EXERCISE DIRECTIONS. The answer should hold only the lines from the one that contains "Kadın Streç Yoga" through the last line of the material, repeated exactly, without pictures.

PROVIDED DATA.
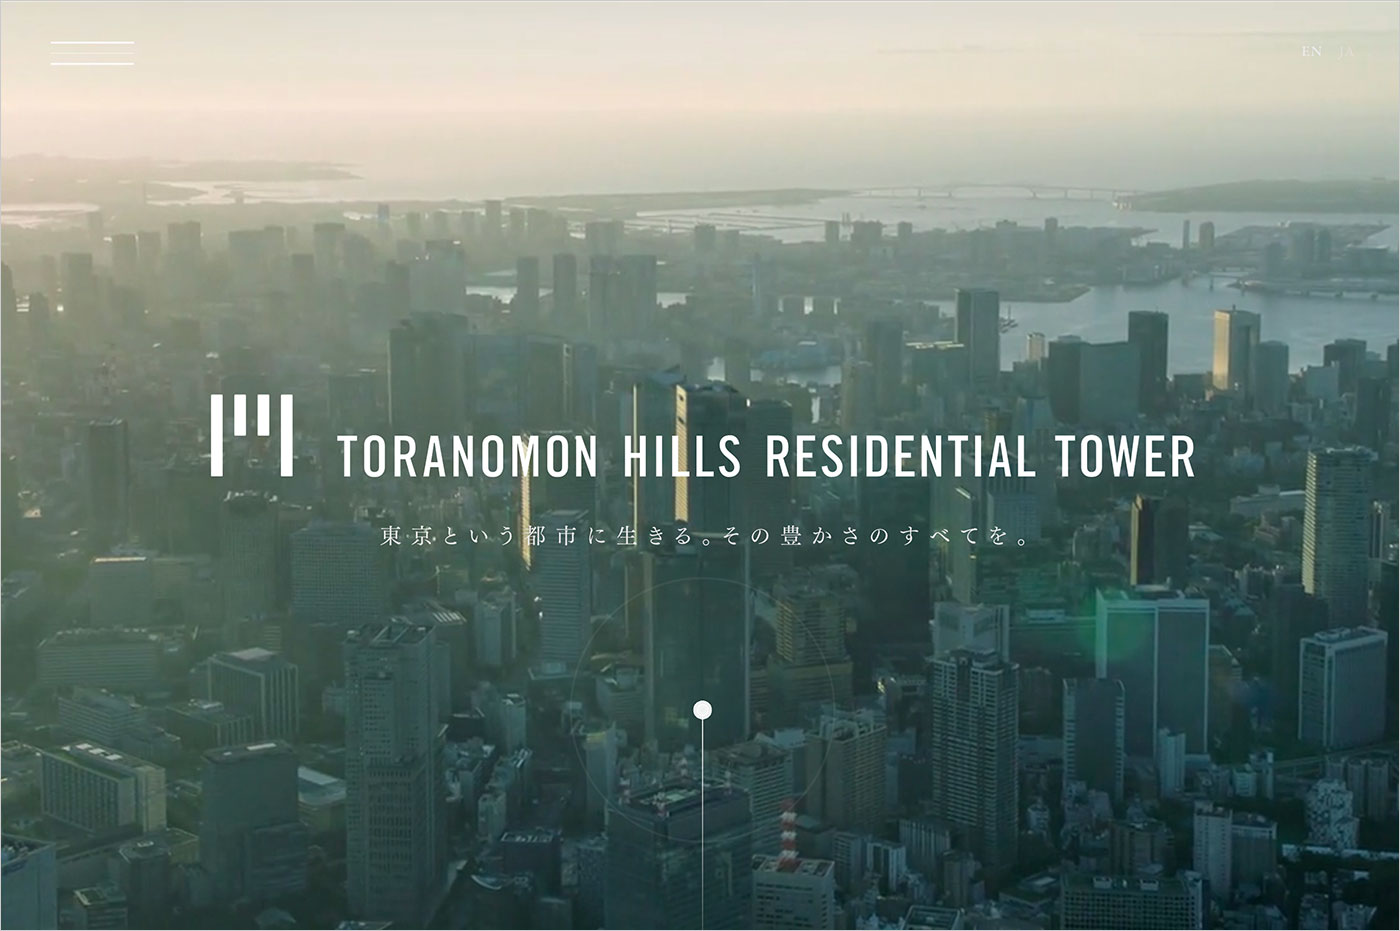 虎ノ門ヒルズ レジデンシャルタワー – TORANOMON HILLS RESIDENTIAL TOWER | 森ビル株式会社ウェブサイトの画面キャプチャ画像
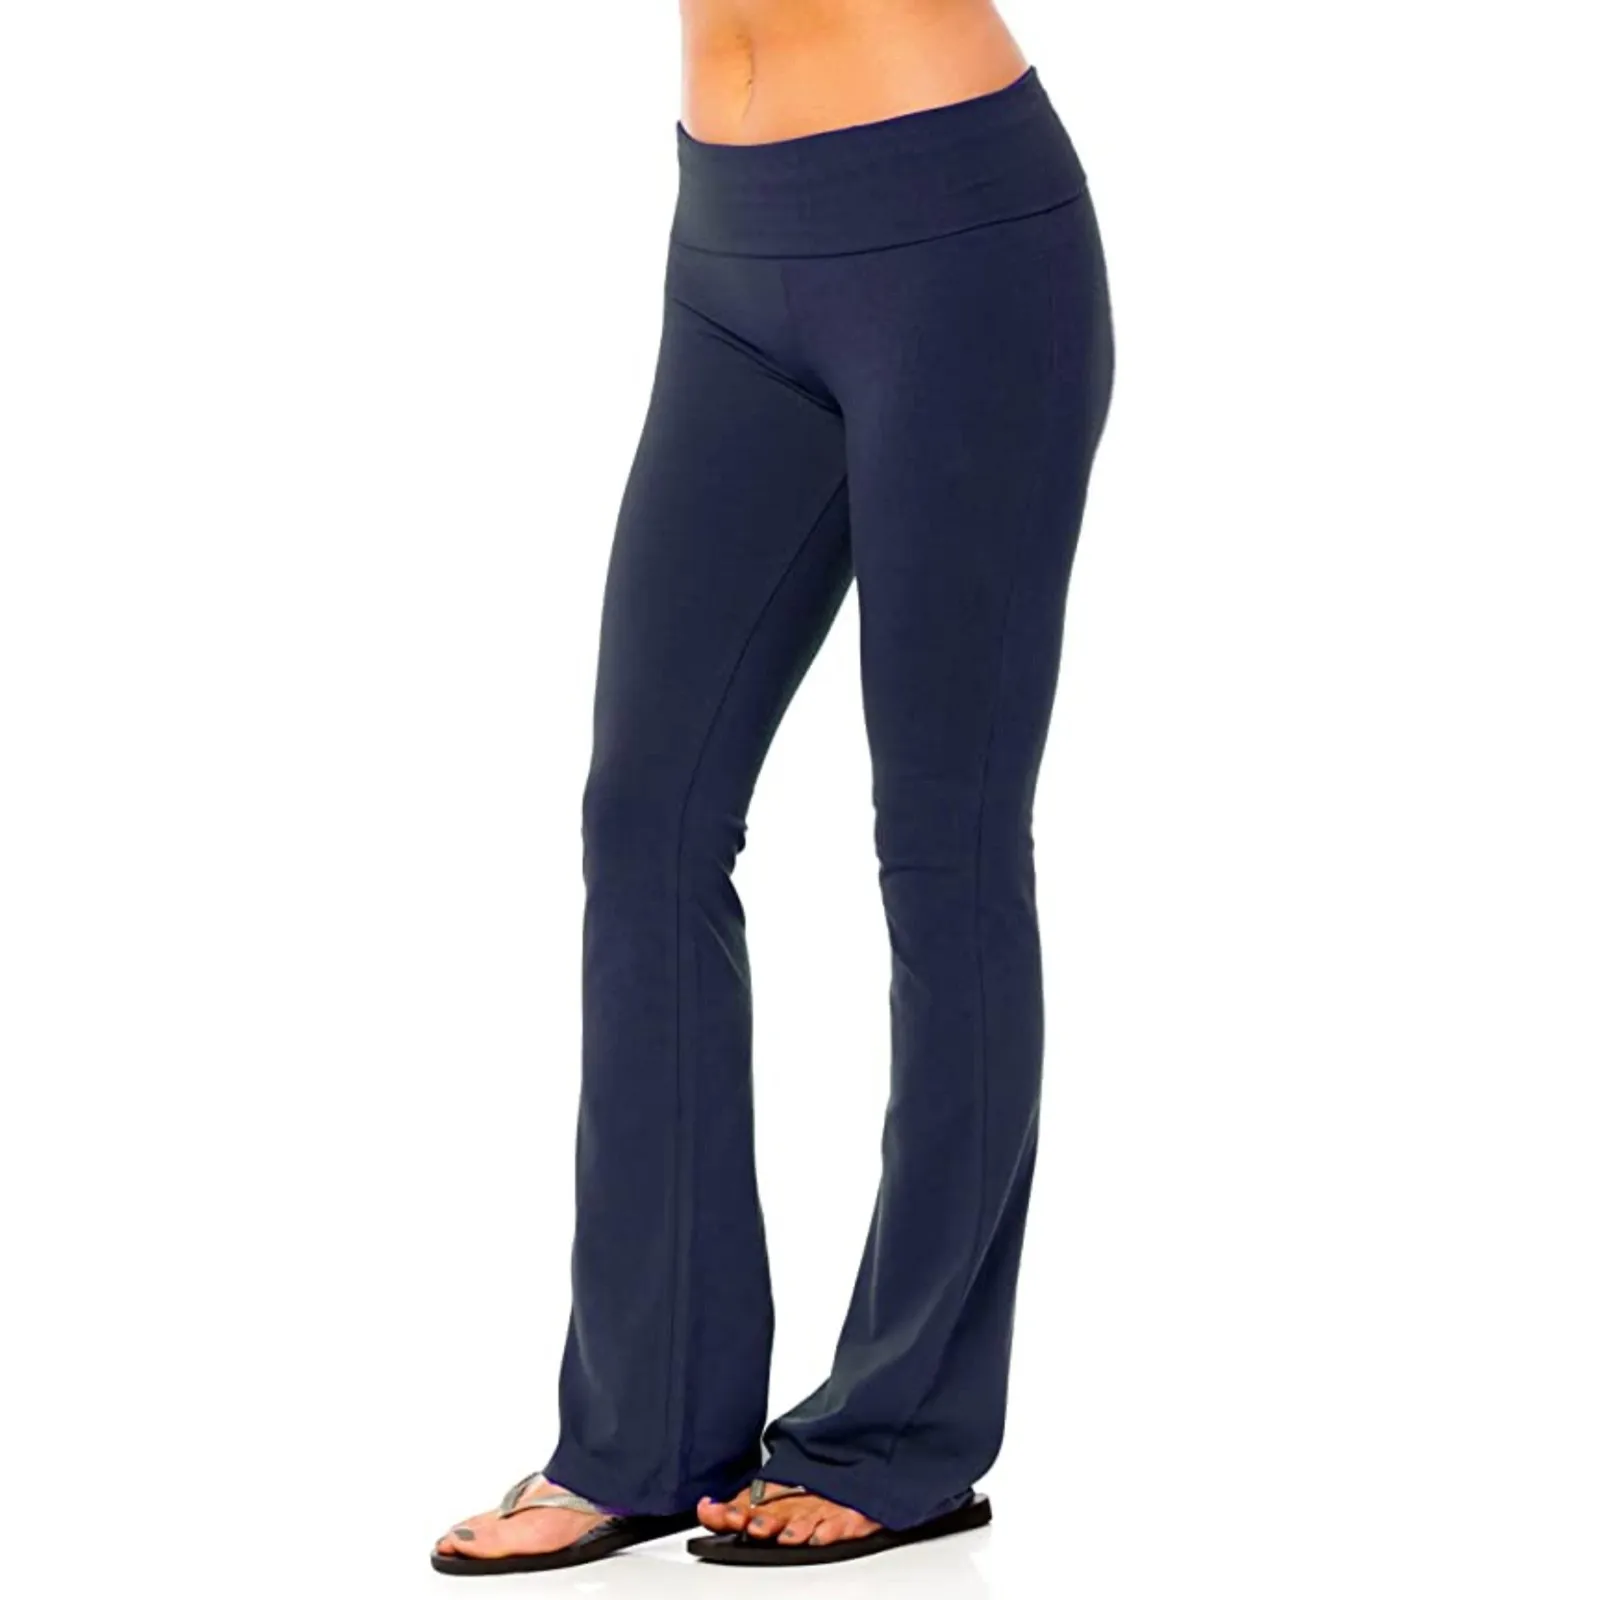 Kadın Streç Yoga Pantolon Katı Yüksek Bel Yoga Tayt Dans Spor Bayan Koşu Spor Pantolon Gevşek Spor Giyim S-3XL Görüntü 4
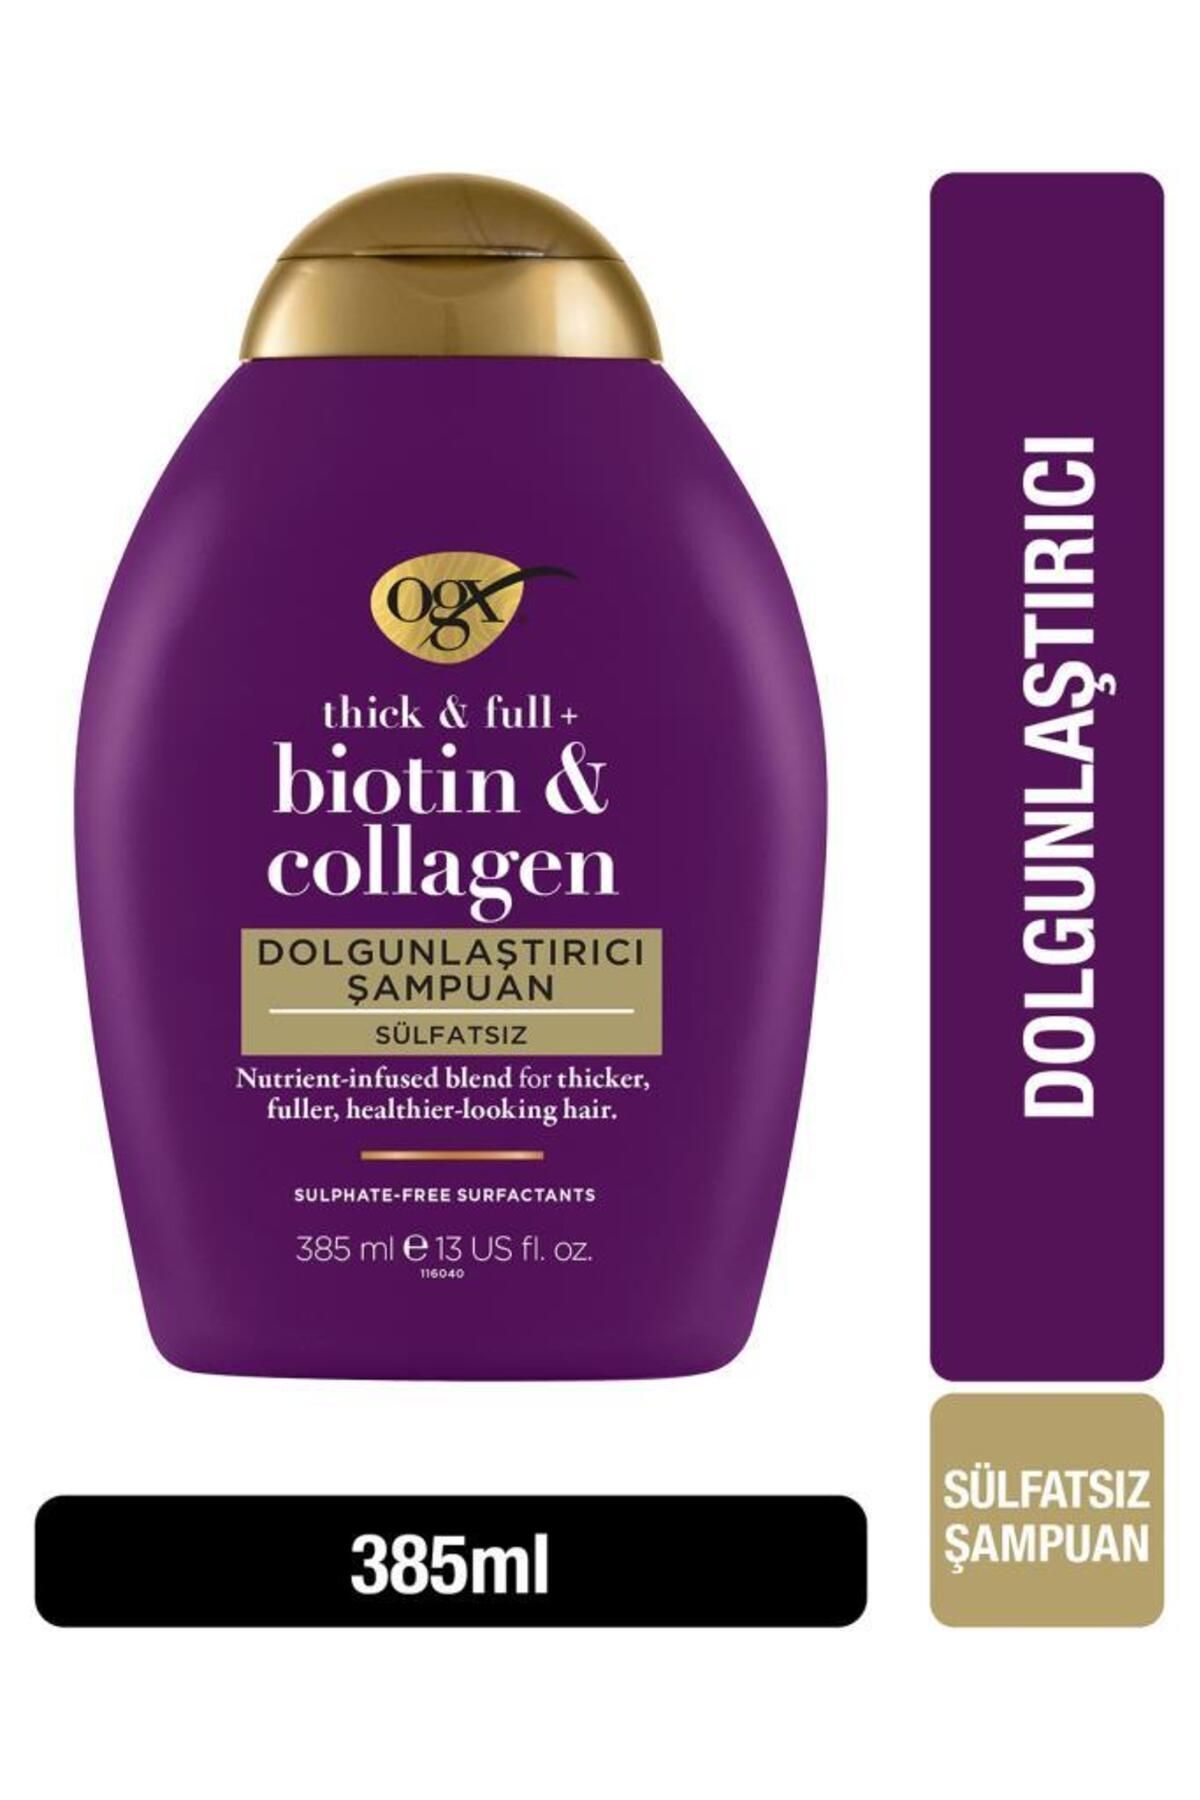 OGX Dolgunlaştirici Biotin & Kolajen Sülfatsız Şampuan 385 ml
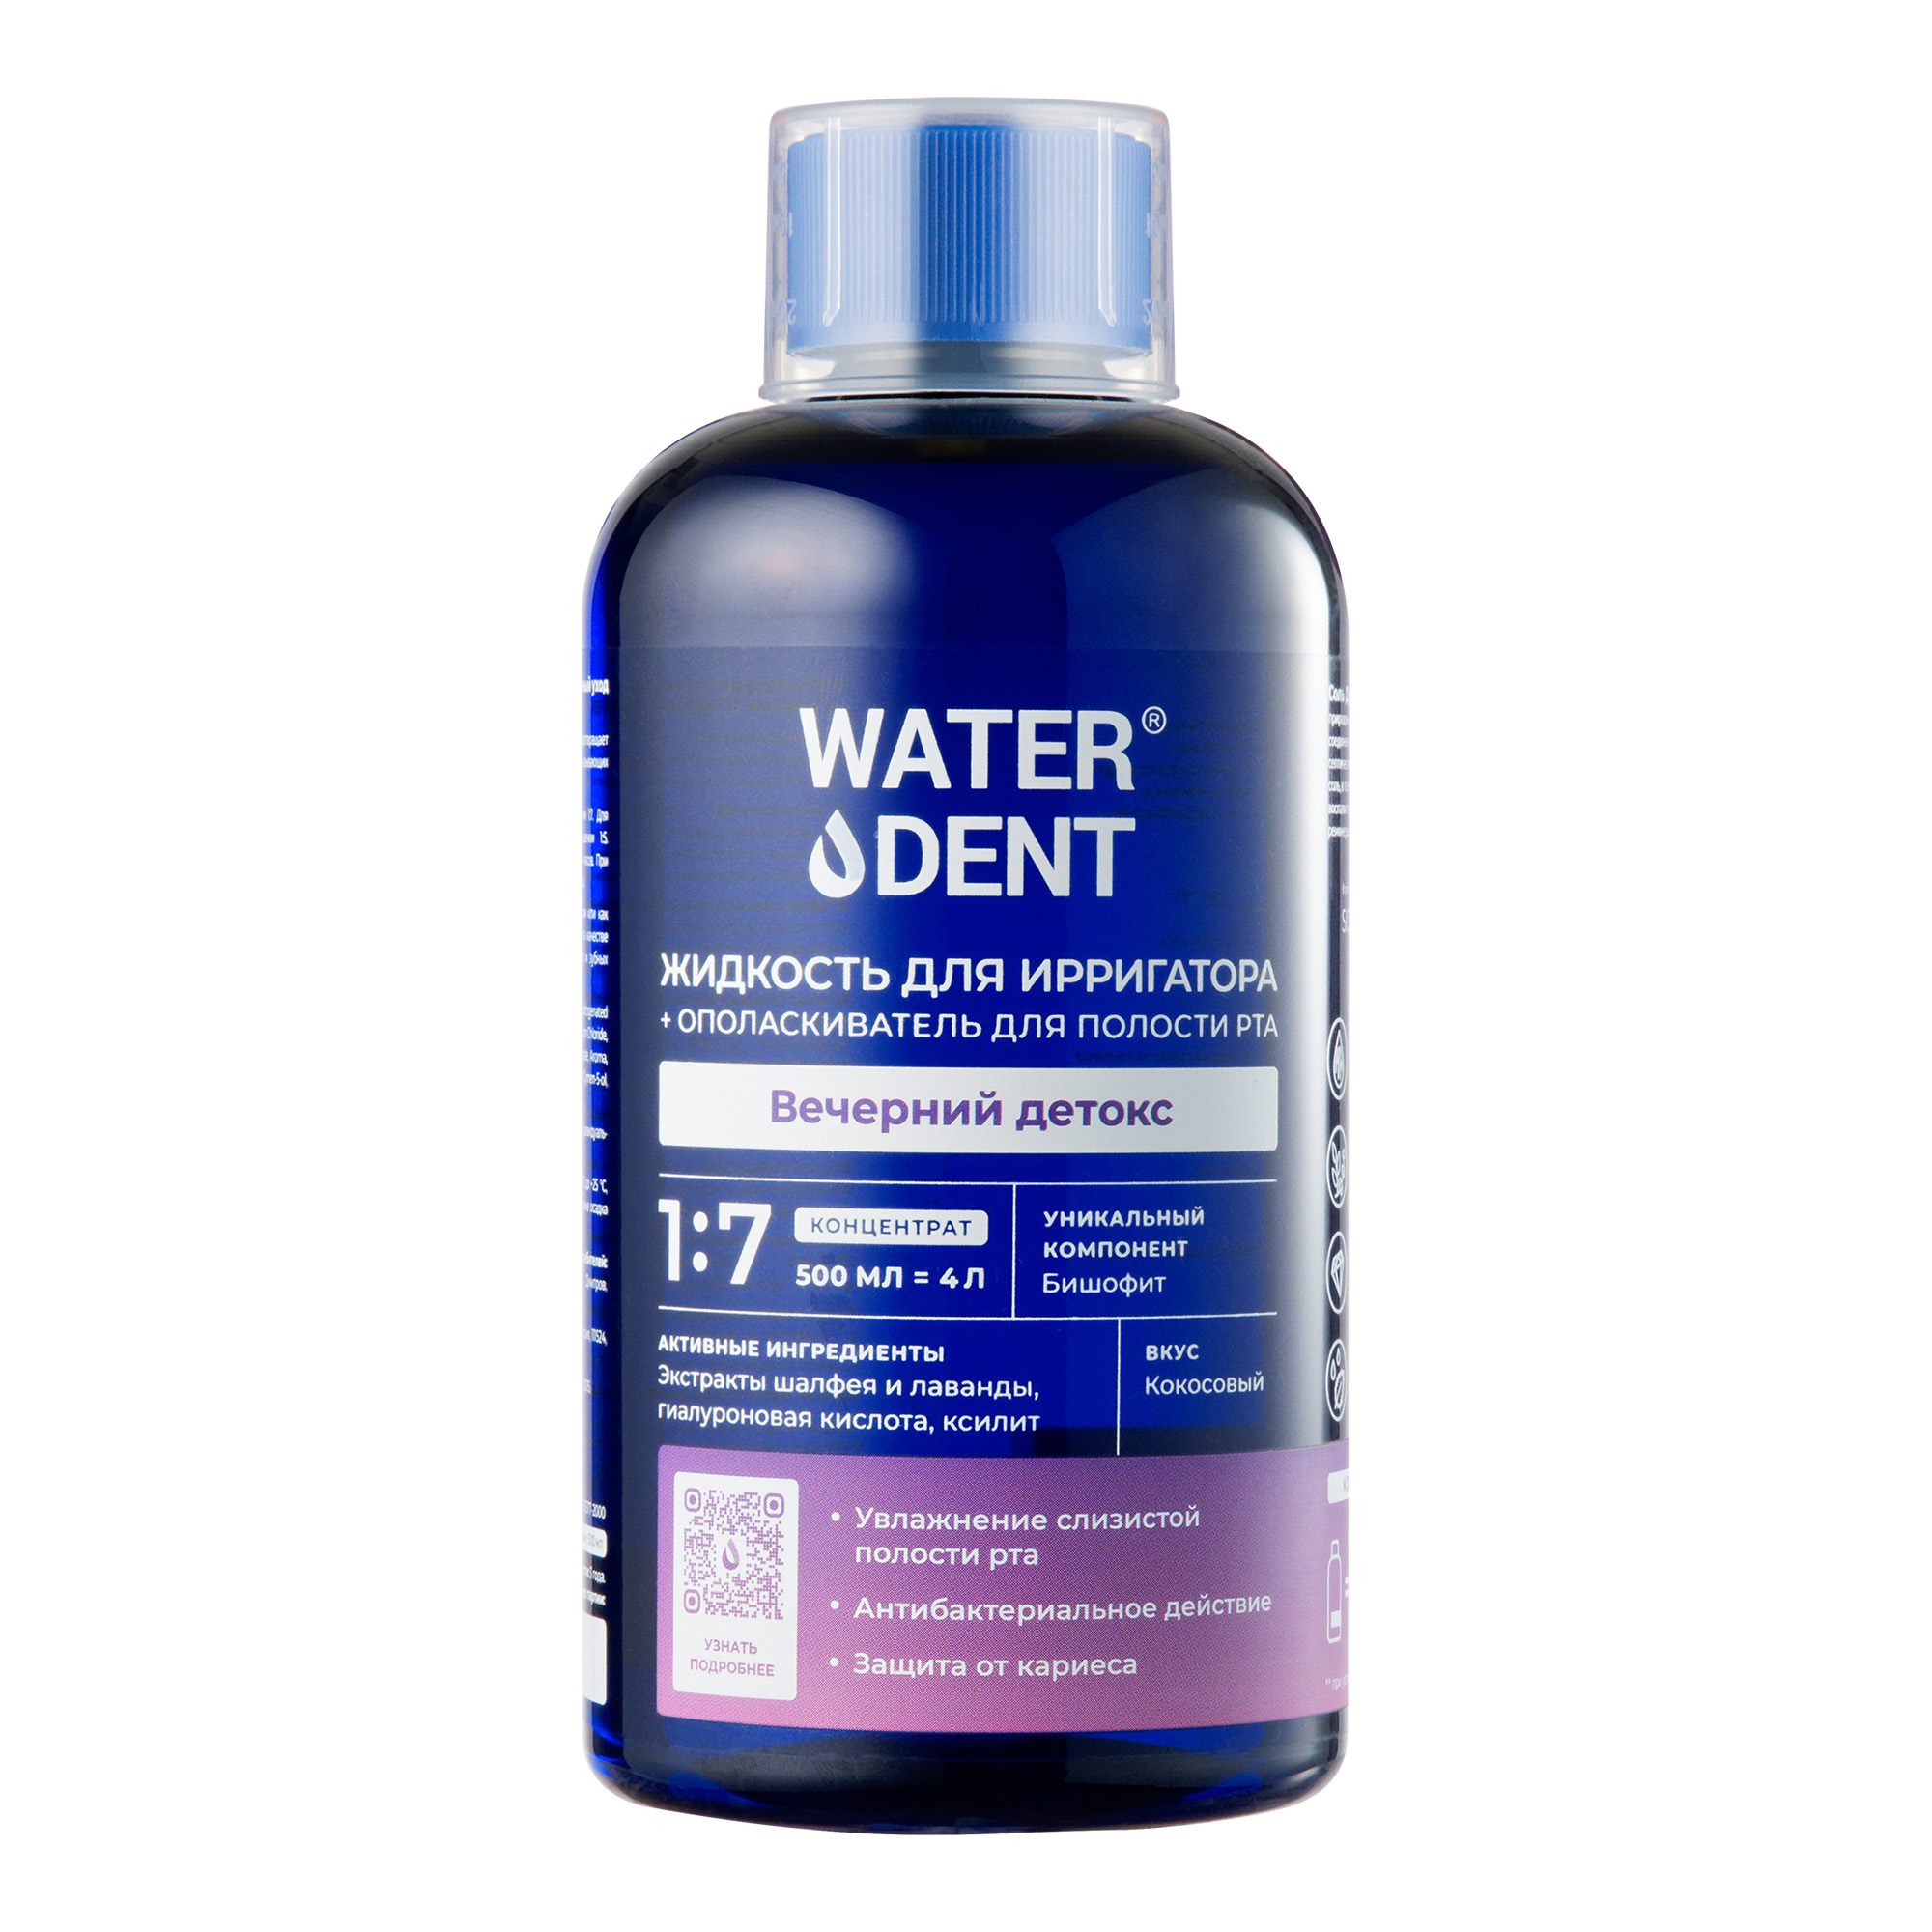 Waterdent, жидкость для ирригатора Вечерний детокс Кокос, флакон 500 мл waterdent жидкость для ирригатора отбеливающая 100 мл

WRITTEN ANSWER.
 Kadın Streç Yoga Pantolon Katı Yüksek Bel Yoga Tayt Dans Spor Bayan Koşu Spor Pantolon Gevşek Spor Giyim S-3XL Görüntü 4
 OGX Dolgunlaştirici Biotin & Kolajen Sülfatsız Şampuan 385 ml
 Waterdent, жидкость для ирригатора Вечерний детокс Кокос, флакон 500 мл waterdent жидкость для ирригатора отбеливающая 100 мл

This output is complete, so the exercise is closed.